Sam Nicholson is close to agreeing a new contract with Hearts after talks with Tynecastle officials.
The 21-year-old will not play until January following knee surgery, by which time his long-term future could be finalised.
Nicholson’s current contract expires at the end of the season but discussions between Hearts, the player and his representatives have been positive. Head coach Robbie Neilson believes an agreement could happen in the near future.
“We have been talking and I don’t think we are too far away,” he said. “Sam has his head screwed on and his parents and agent realise that he needs to try and stay here and develop before he moves to England.”
Callum Paterson, Nicholson’s team-mate, is also out of contract next summer but will not sign a new deal. He sees his future in England.
“Callum is at a different stage of his career to Sam,” admitted Neilson. “Callum has played 150 games, is a full Scotland international and is 6ft 3in. He is physically ready to go and move. Sam is not quite there yet and he has another year to develop.”
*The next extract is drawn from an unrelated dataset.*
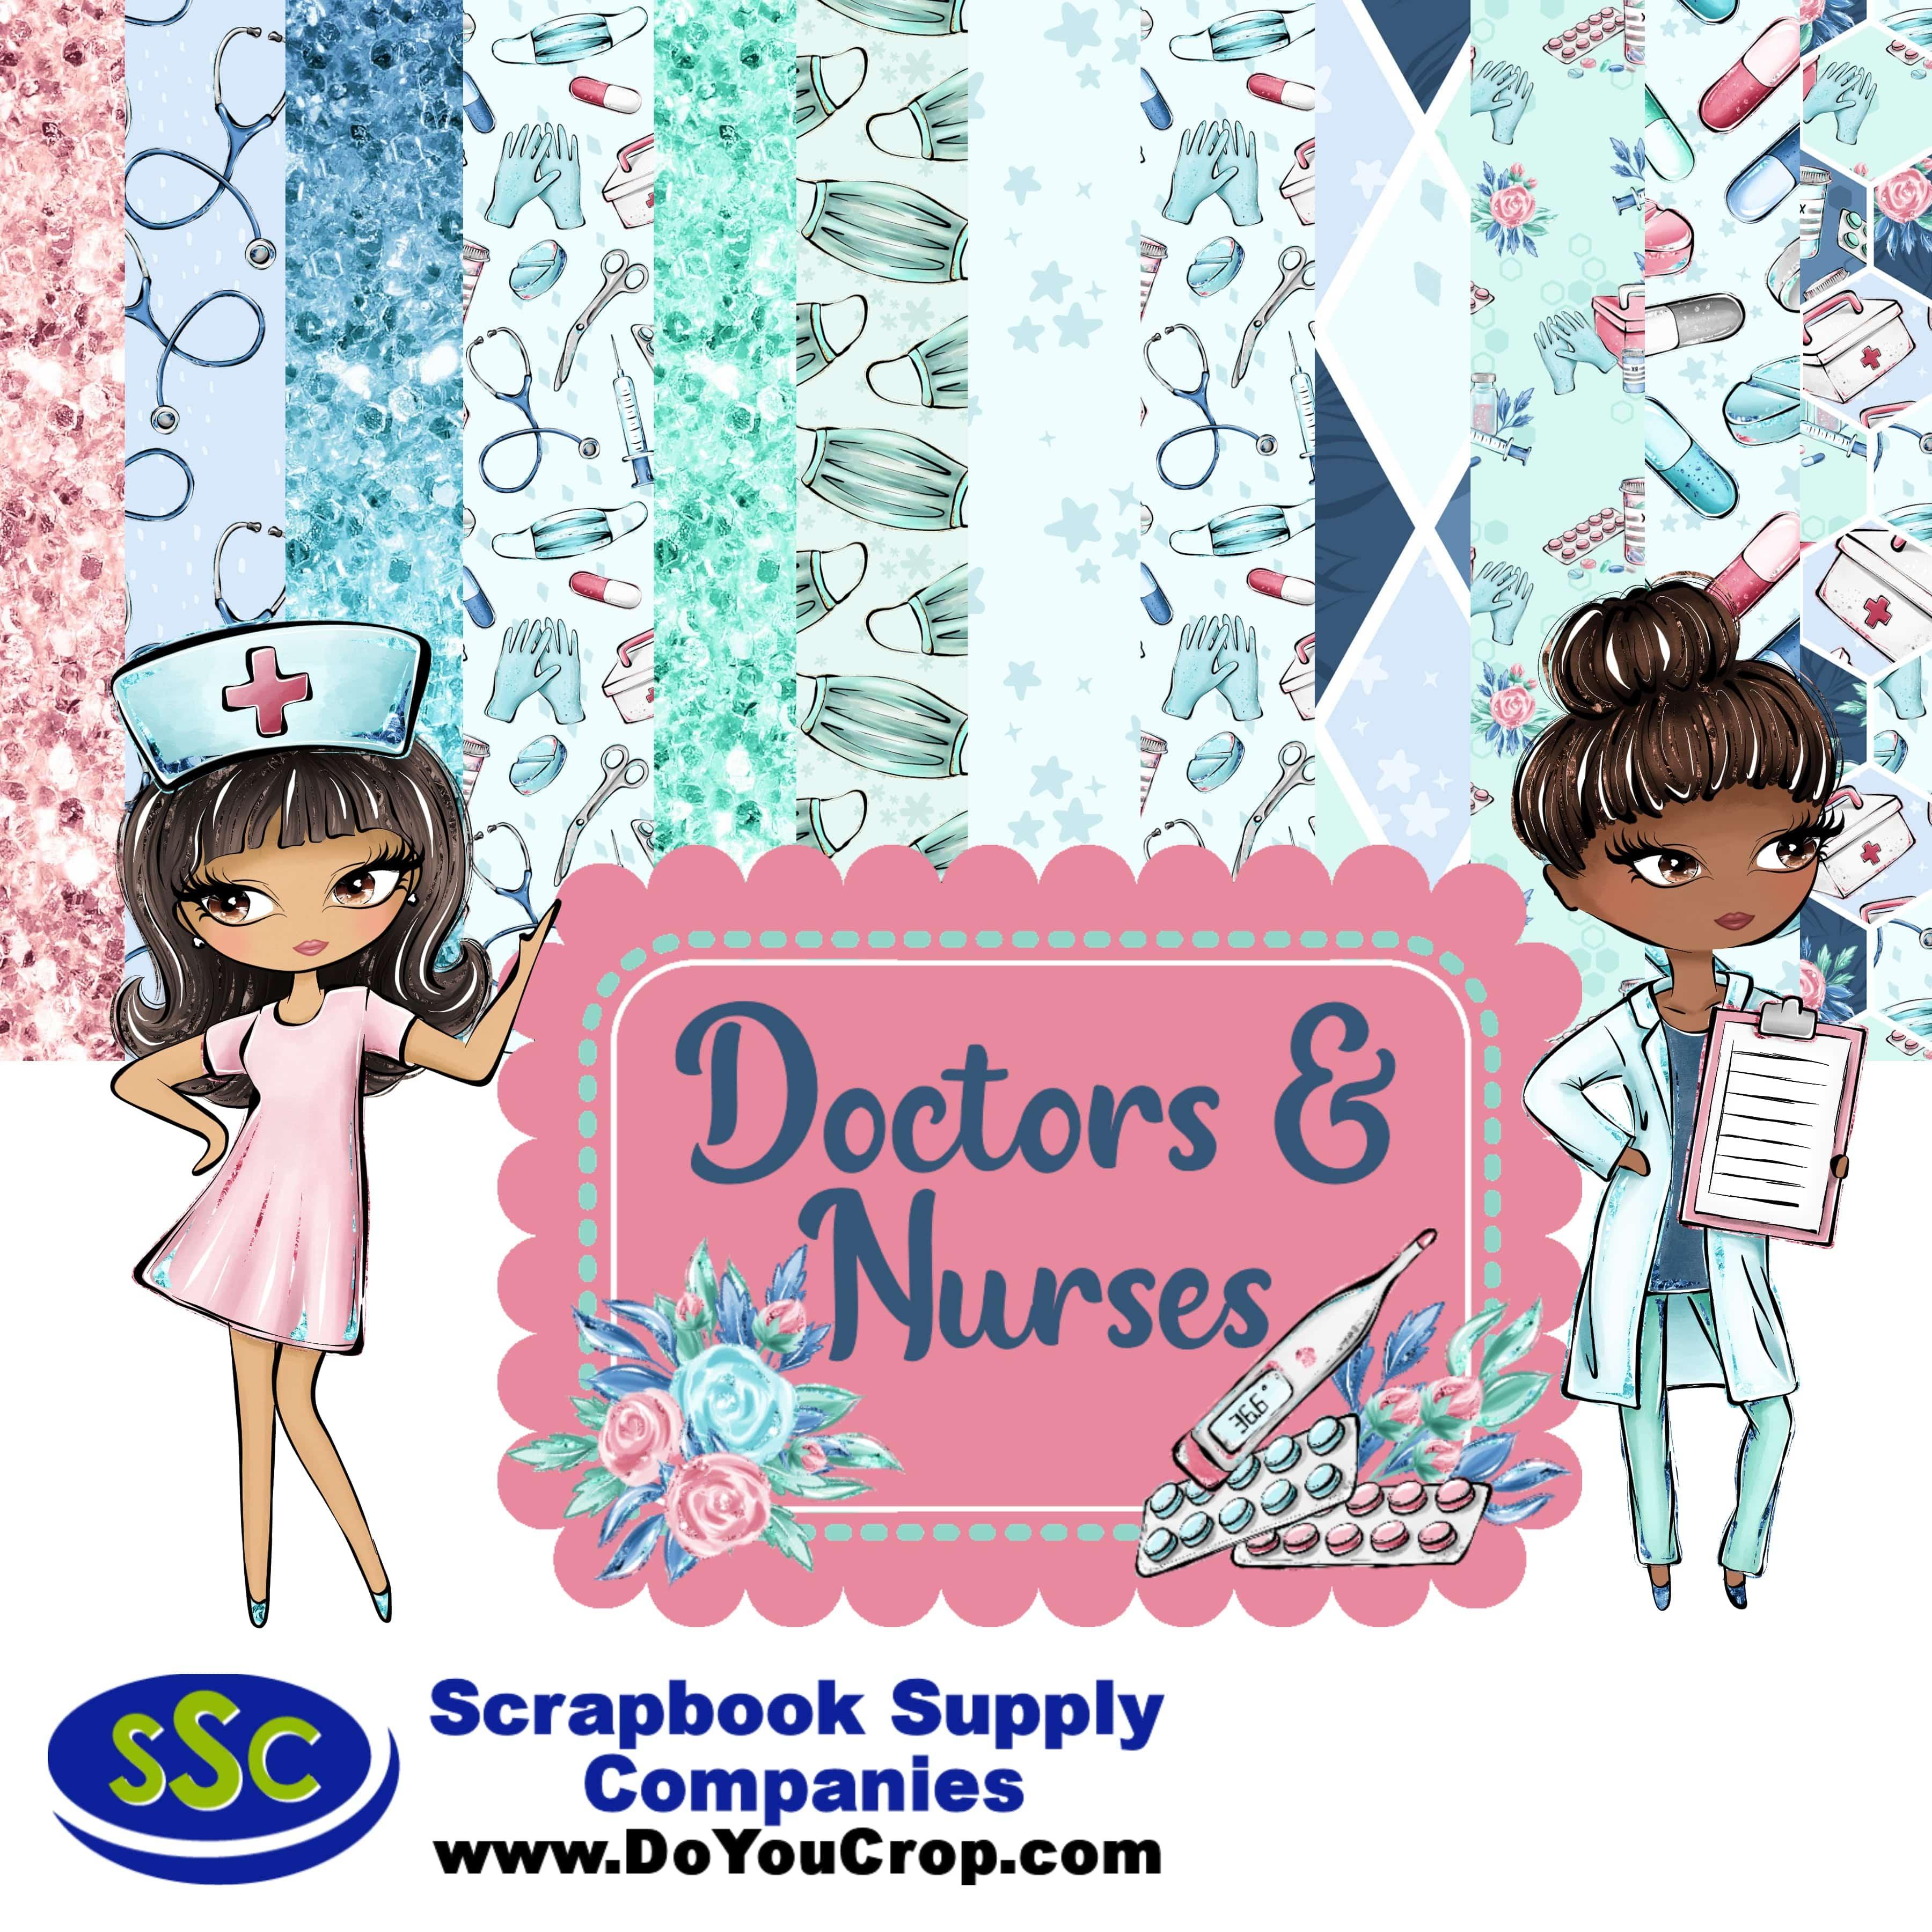 Phantasia Design's Doctors & Nurses 12 x 12 Scrapbook Paper & Embellishment Kit by SSC Designs - Scrapbook Supply Companies

Ahead of Hearts’ league meeting with St Johnstone at Tynecastle tomorrow, Neilson admitted clubs in England will also be monitoring the Perth club’s manager, Tommy Wright.
The Northern Irishman has consistently kept St Johnstone in the top half of the Scottish Premiership during his three years in charge. Managing finances and keeping an experienced squad together will have earned him attention south of the Border, according to Neilson.
“Tommy has done very well and I am sure there are teams looking at what he has achieved. I am sure there are teams having a think about taking him down south. The time has be right in football.
“You have to be doing well and it has to be the right club at the right time with the right style of football and the right chairman to work with.
“St Johnstone are an example of a team that Tommy has built over the past five or six years and there is continuity there.
“They have key players like Steven Anderson, Murray Davidson, Steven MacLean, Chris Millar, who have all been there for a long time and they all know what they are doing and it becomes second nature to them.
“St Johnstone are a good example of how, if you keep a group of players together, you can achieve.”